Кажется, в семнадцатом году выпускник нашей гимназии Павел Вейсбрем (сейчас театральный режиссер в Ленинграде) собрал труппу из гимназистов и гимназисток и поставил не более и не менее как «Балаганчик» Блока. Опыт был рискованным и смелым. После неудачи второй объявленный спектакль не состоялся. Но труппа, собранная Вейсбремом, не распалась — в двадцатом году она оказалась ядром полупрофессиональной-полустудийной Театральной мастерской. Здесь уже «настоящие» режиссеры Любимов и Надеждов поставили настоящие спектакли — «Гибель «Надежды» Гейерманса, старинный народный фарс «Адвокат Патлен», собирались ставить «Принцессу Турандот». Художником театра был, кажется, работавший некогда в МХТ Арапов.
Конечно, Театральная мастерская была театром новаторским и даже революционным, хотя новаторство было подражательным, а революционность неопределенной. Когда (кажется, в двадцать втором году) я увидел спектакли одесского «Красного факела» (тогда им руководил Татищев), я поразился сходству приемов его работы, репертуара и стиля с Театральной мастерской. Подобные им театры были и в Харькове (театр Глаголина), и в волжских городах, и в Иркутске (Студия Цетнеровича и Охлопкова).
<…>
Большинцов пришел в театр не только для того, чтобы стать актером. Страсть к новаторству была в крови и у него и у всех наших сверстников. Возможно, Театральная мастерская не во всем соответствовала его вкусам, устремлениям и темпераменту, но другого театра, где бы он мог начать свои поиски, в Ростове тогда не было.
Первой его ролью была роль конунга в стихотворной драме «Гондла». Он выходил на сцену, облаченный в мантию и латы, на которые падала живописная седая борода, и скандировал:
«Выпит досуха кубок венчальный,
Съеден дочиста свадебный бык...»
Вместе с ним в этом спектакле играли Антон Шварц (впоследствии известный чтец), Евгений Шварц — большой наш драматург, Марк Эго — актер Второй студии МХТ, актеры московского Театра сатиры Холодов и Тусузов.
Удивительным было не то, что Большинцов оказался актером, — в те годы люди приходили в театр, не обучаясь в студиях. Удивительным было, что актером стал Большинцов, который до этого как будто не выказывал никаких склонностей к искусству и даже не играл в гимназических любительских спектаклях. А между тем мне, да и не только мне, казалось, что играет он хорошо.
Позже он мне рассказал, как началась его работа в театре.
— Шел по улице, увидел афишку, извещавшую, что Театральная мастерская набирает актеров, зашел, благо был рядом, понравился, был принят. Вот и все.
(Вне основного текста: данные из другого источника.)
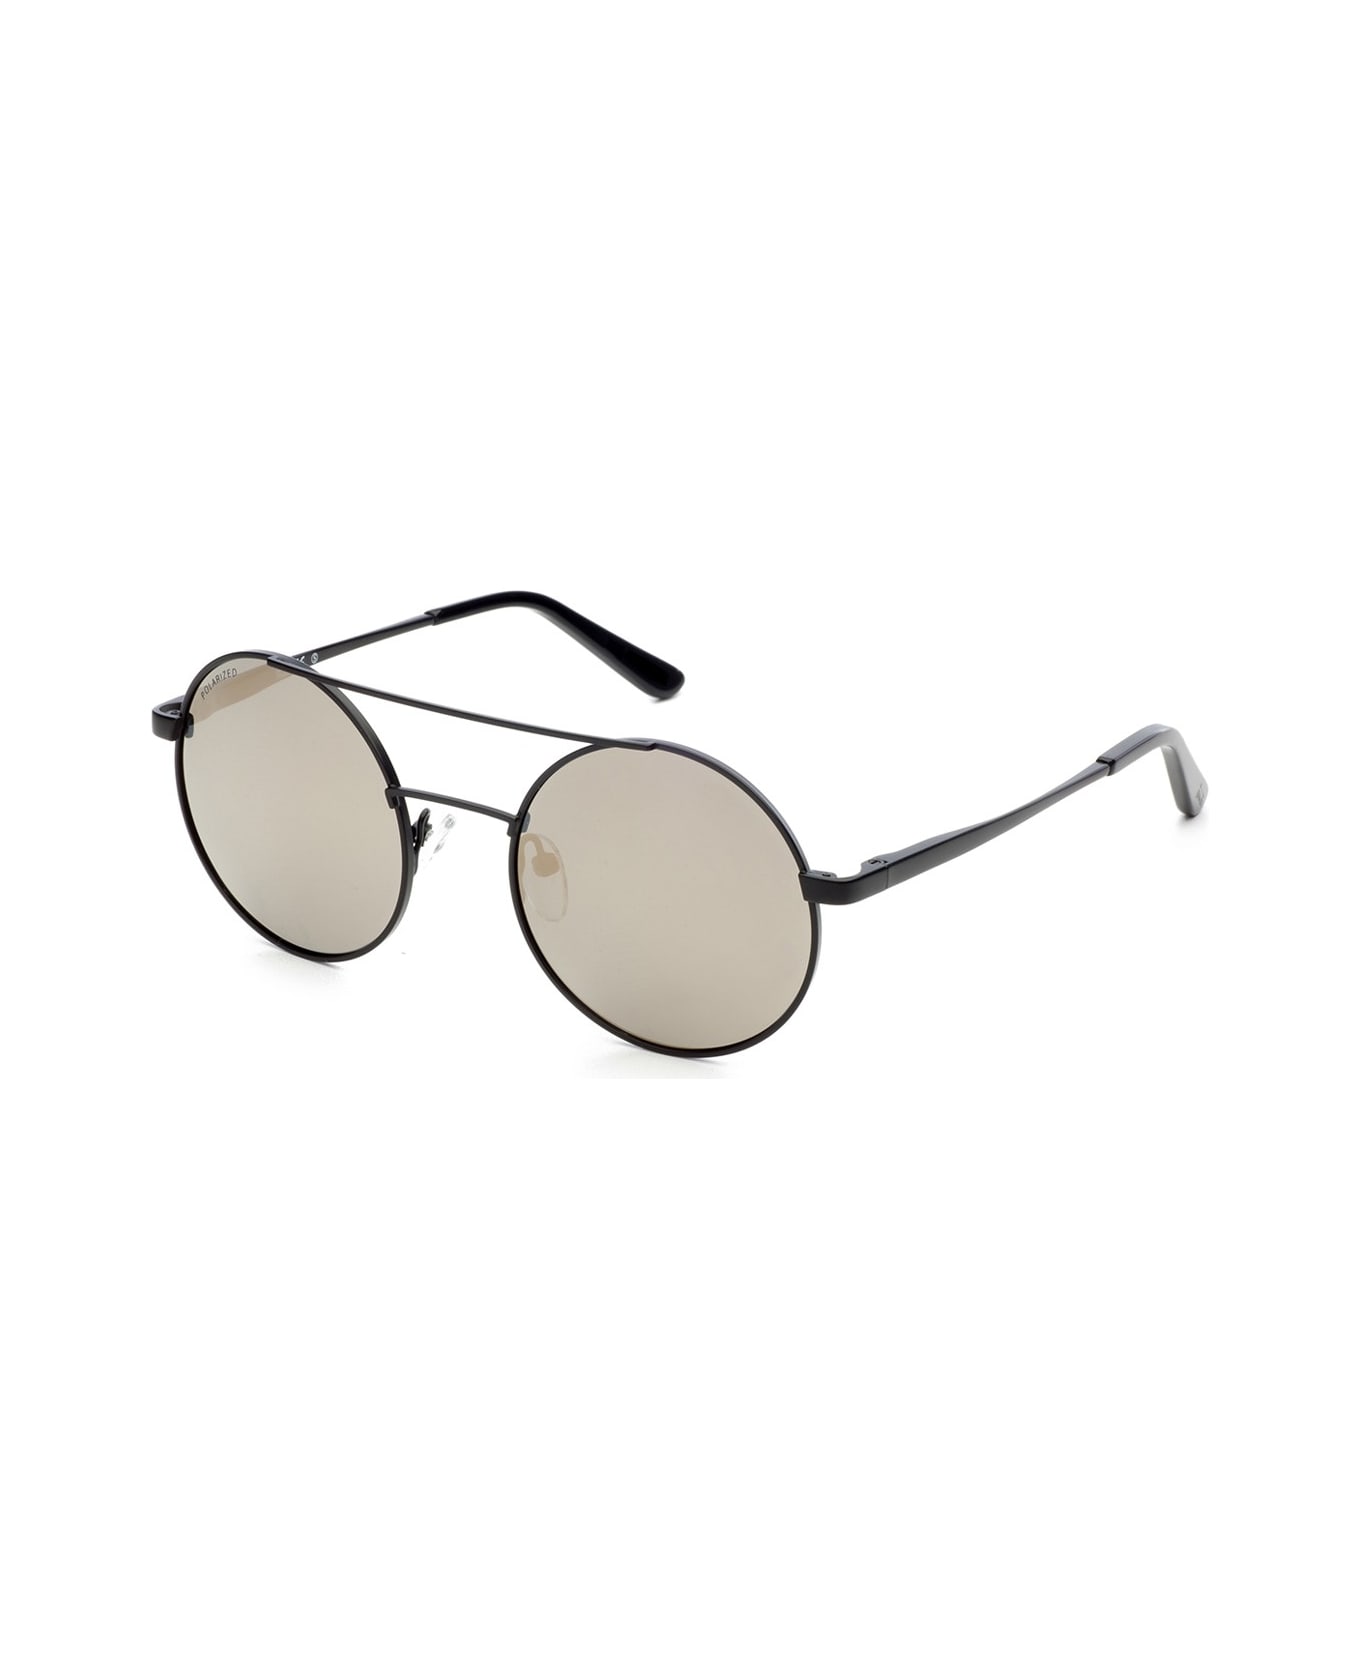 Trudi Td530 Sunglasses - Nero

Это может показаться сказкой или ложью. Но в этом повествовании нужно делать поправку на время, иначе многое покажется в нем невероятным. В рассказе о приходе в театр Большинцов, наверное, покривил душой только в одном, — конечно, он не просто зашел в театр потому, что оказался рядом с ним, а волновался, сомневался, вертелся у театральных дверей, прежде чем испытать свои силы.
Казалось, после хорошо сыгранной роли судьба Большинцова определилась. Театральная мастерская уезжала в Ленинград на гастроли (там театр и остался, чтобы затем распасться). Большинцов с театром не поехал. Не захотел.
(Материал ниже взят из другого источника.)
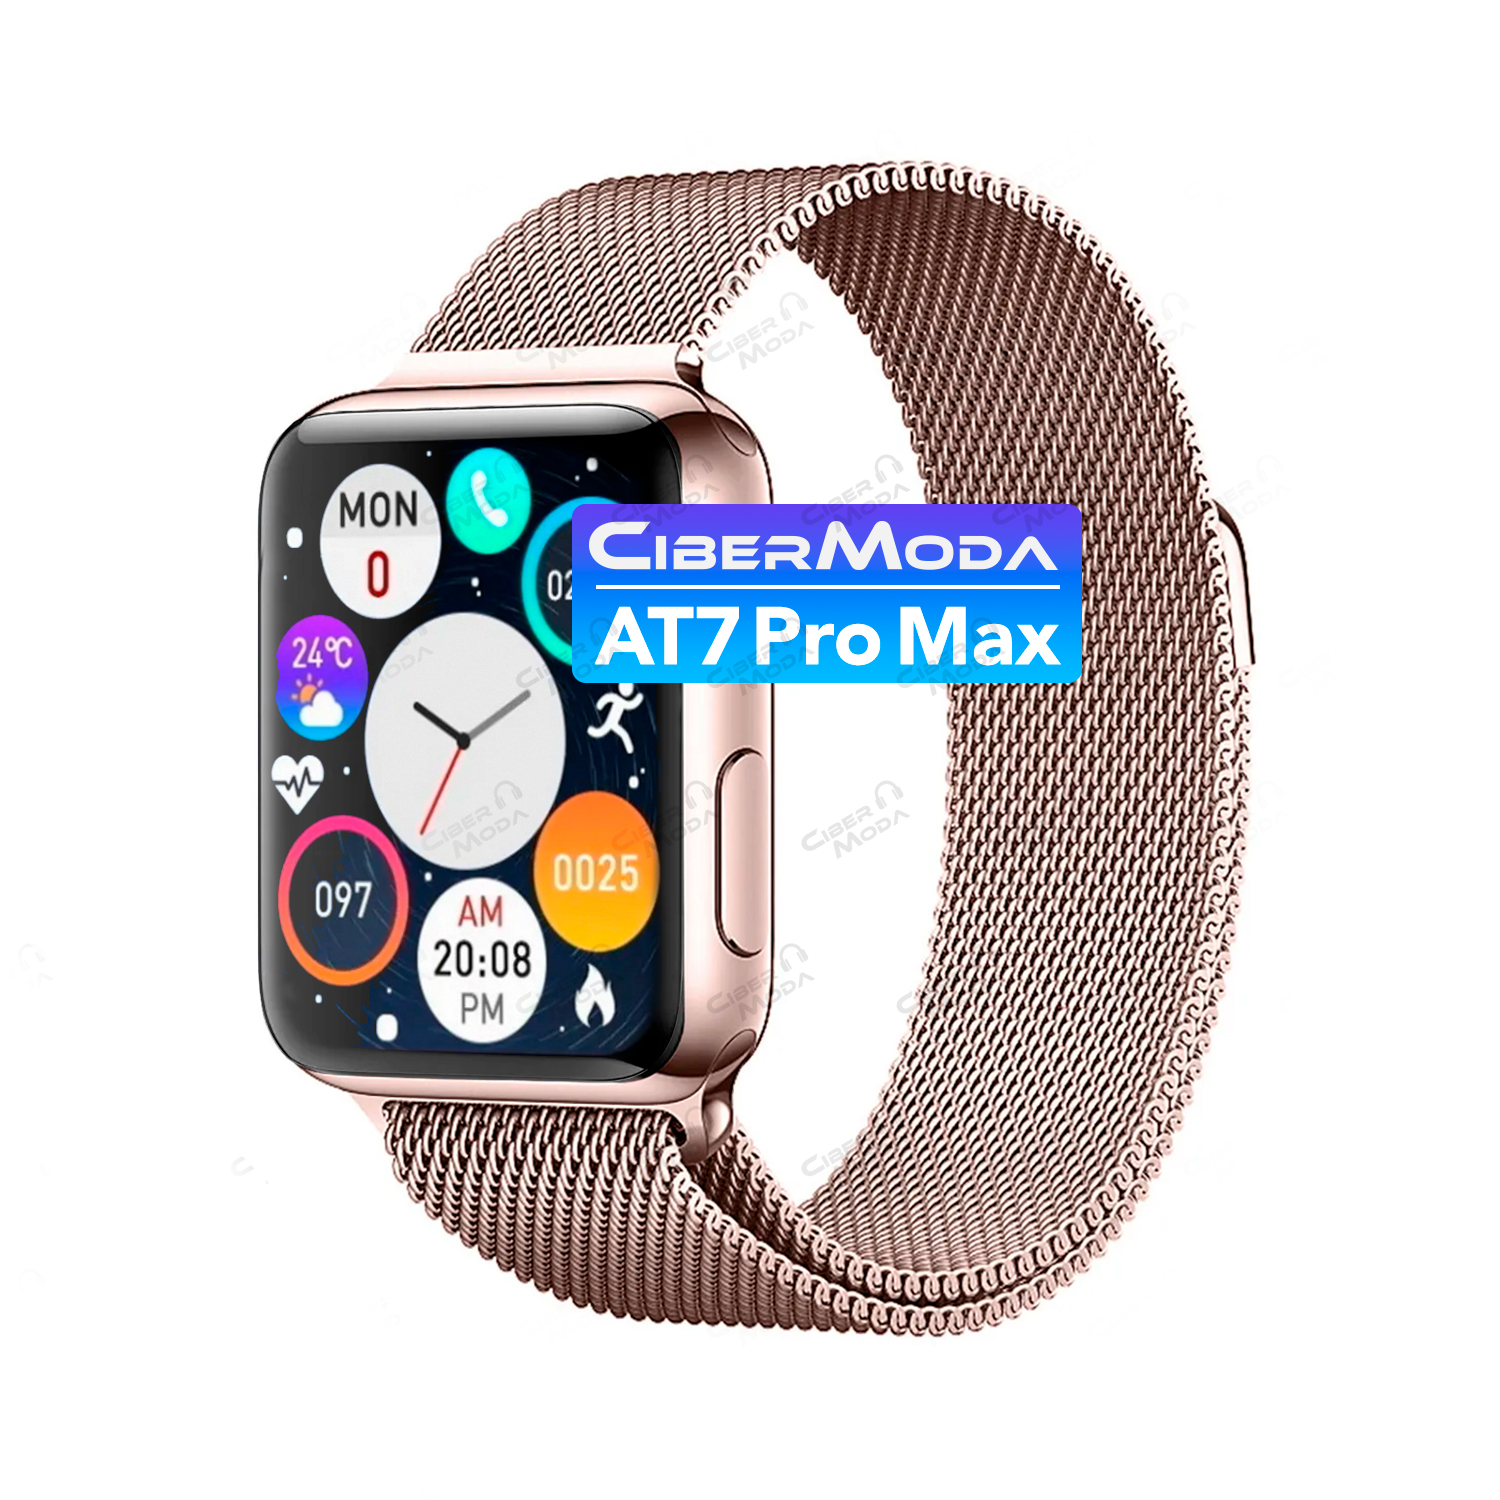 Smartwatch AT 7 PRO MAX - Marcell Telefonía Celular

Когда мы попытались на обломках Театральной мастерской основать тоже «новаторский» театр «Барокко» (кто-то из нас прочитал известную книгу Вёльфлина, и ему понравилось звучное слово), Большинцов отказался, в нем участвовать.
Блейман, М. Ю. Ковбой в очках : (из воспоминаний о М. Большинцове) // О кино – свидетельские показания / М. Блейман. Москва, 1973, С. 12–14.